Role of MFN2 in bovine embryonic development and the mitigation of ER stress

• Published in: Animal reproduction science Vol. 273; p. 107664
• Main Authors: Shi, Shu-Ming, Hu, Bing, Chi, Zhi-Chao, Qu, Lin-Yi, Liu, Li-Ying, He, Yu-Yan, Jia, Guan-Lin, Li, Jing-Hang, Kong, Ilkeun, Jin, Yong-Xun, Yu, Xian-Feng
• Format: Journal Article
• Language: English
• Published: Netherlands Elsevier B.V 01.02.2025
• Subjects: animal reproduction; Animals; apoptosis; blastocyst; Bovine embryo; cattle; Cattle - embryology; embryo culture; Embryo Culture Techniques - veterinary; embryogenesis; Embryonic Development - genetics; Embryonic Development - physiology; endoplasmic reticulum; Endoplasmic Reticulum Stress - drug effects; Endoplasmic Reticulum Stress - genetics; Endoplasmic Reticulum Stress - physiology; ER stress; Female; fluorescence; Gene Expression Regulation, Developmental - physiology; GTP Phosphohydrolases - genetics; GTP Phosphohydrolases - metabolism; MFN2; mitochondria; Mitochondrial Proteins - genetics; Mitochondrial Proteins - metabolism; Oxidative stress; reactive oxygen species; Reactive Oxygen Species - metabolism; Taurochenodeoxycholic Acid - pharmacology; TUDCA; Western blotting; zygote; ER stress; Oxidative stress; MFN2; Bovine embryo; TUDCA
• ISSN: 0378-4320; 1873-2232; 1873-2232
• DOI: 10.1016/j.anireprosci.2024.107664

This study investigated the role of mitochondrial fusion protein-2 (MFN2) in bovine embryonic development and its relationship with endoplasmic reticulum (ER) stress, aiming to increase the efficiency of in vitro embryo culture. Western blot analysis revealed that MFN2 expression peaked at the 2-cell stage, decreased at the 4-cell stage, and gradually increased from the 6–8-cell stage to the blastocyst stage.
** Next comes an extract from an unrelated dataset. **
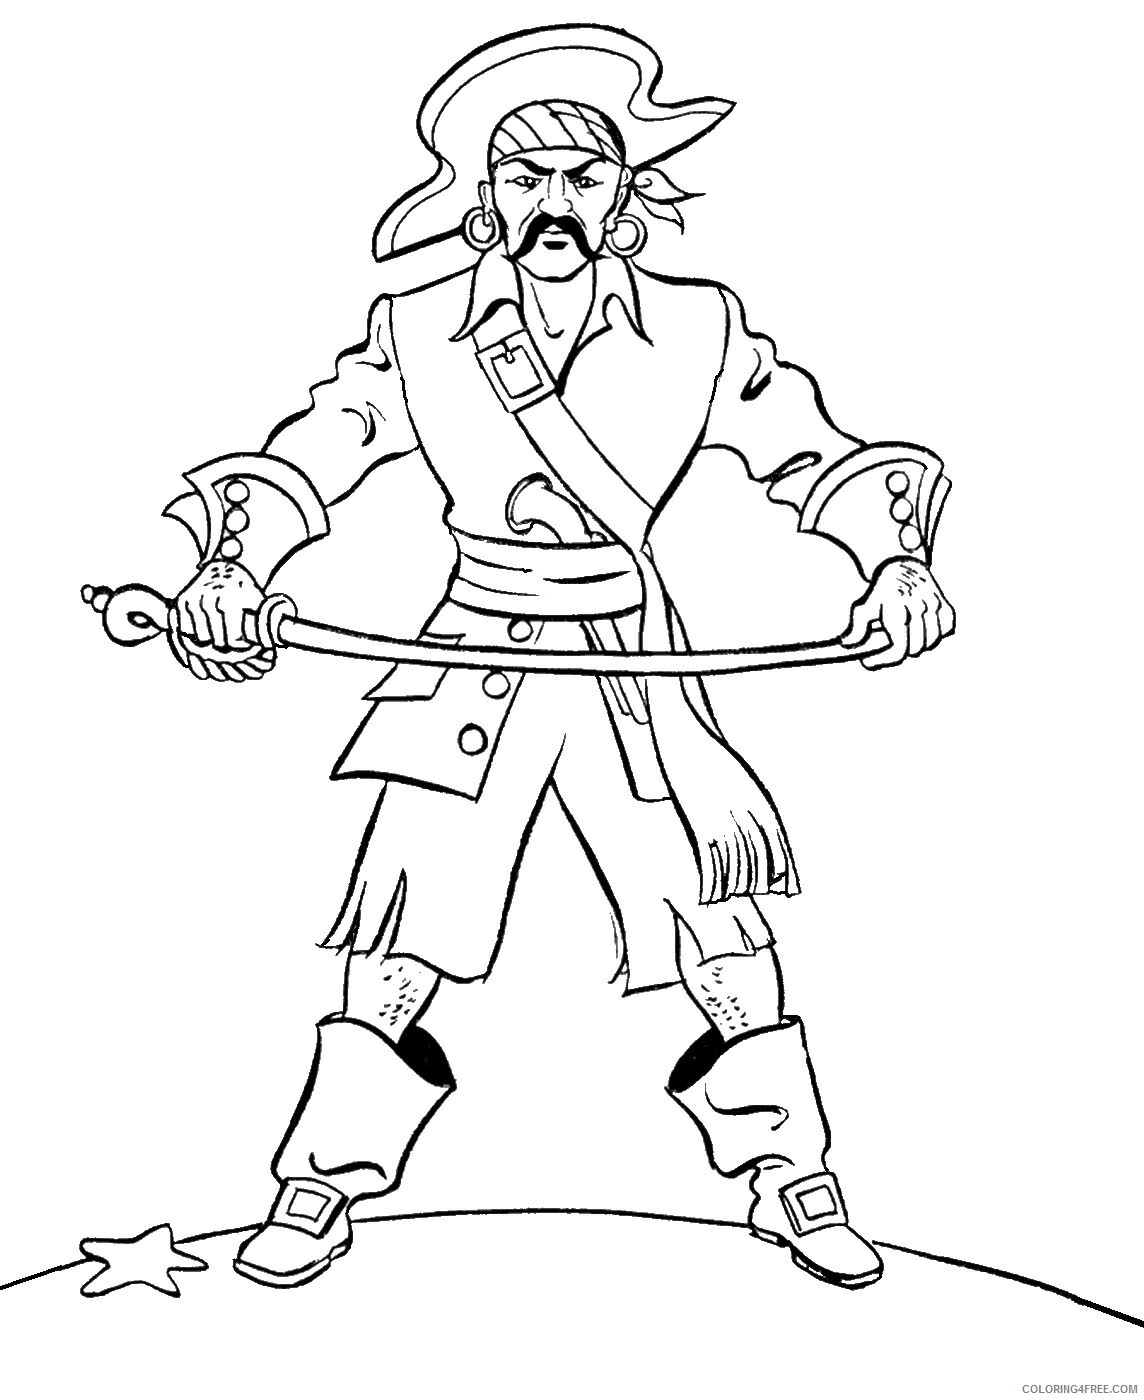 Pirates Coloring Pages for boys piratec59 Printable 2020 0738 Coloring4free

Inhibiting MFN2 at the zygote stage reduced blastocyst formation and proliferation, and this damage was partially reversed by the ER stress protective agent TUDCA. MFN2 inhibition also led to the decreased formation of the inner cell mass (ICM) and reduced expression of the totipotent genes CDX2 and SOX2. Additionally, reactive oxygen species (ROS) levels increased following MFN2 inhibition but decreased after TUDCA treatment. The expression of antioxidative stress-related genes (SOD and CAT) was downregulated after MFN2 inhibition but upregulated following TUDCA treatment. Furthermore, MFN2 inhibition reduced ER fluorescence intensity and increased the expression of UPR signaling markers (GRP78, XBP1, CHOP, IRE1, and ATF6), indicating increased ER stress. TUDCA administration reversed these effects, restoring MFN2 levels and reducing apoptosis. In conclusion, MFN2 is essential for bovine embryonic development because it regulates ER stress and maintains cell function, with MFN2 deficiency leading to developmental disorders and cell damage. ER stress protectors such as TUDCA can effectively mitigate these negative effects, highlighting a potential strategy for improving in vitro embryo culture efficiency. •MFN2 is dynamically expressed during early embryonic development in cattle.•Inhibiting MFN2 impairs early bovine embryo development, pluripotency, and inner cell mass formation, while increasing oxidative stress, ER stress, and apoptosis.•Inhibition of MFN2 damage to the embryo is repaired by TUDCA and can reduce damage to the UPR signaling pathway.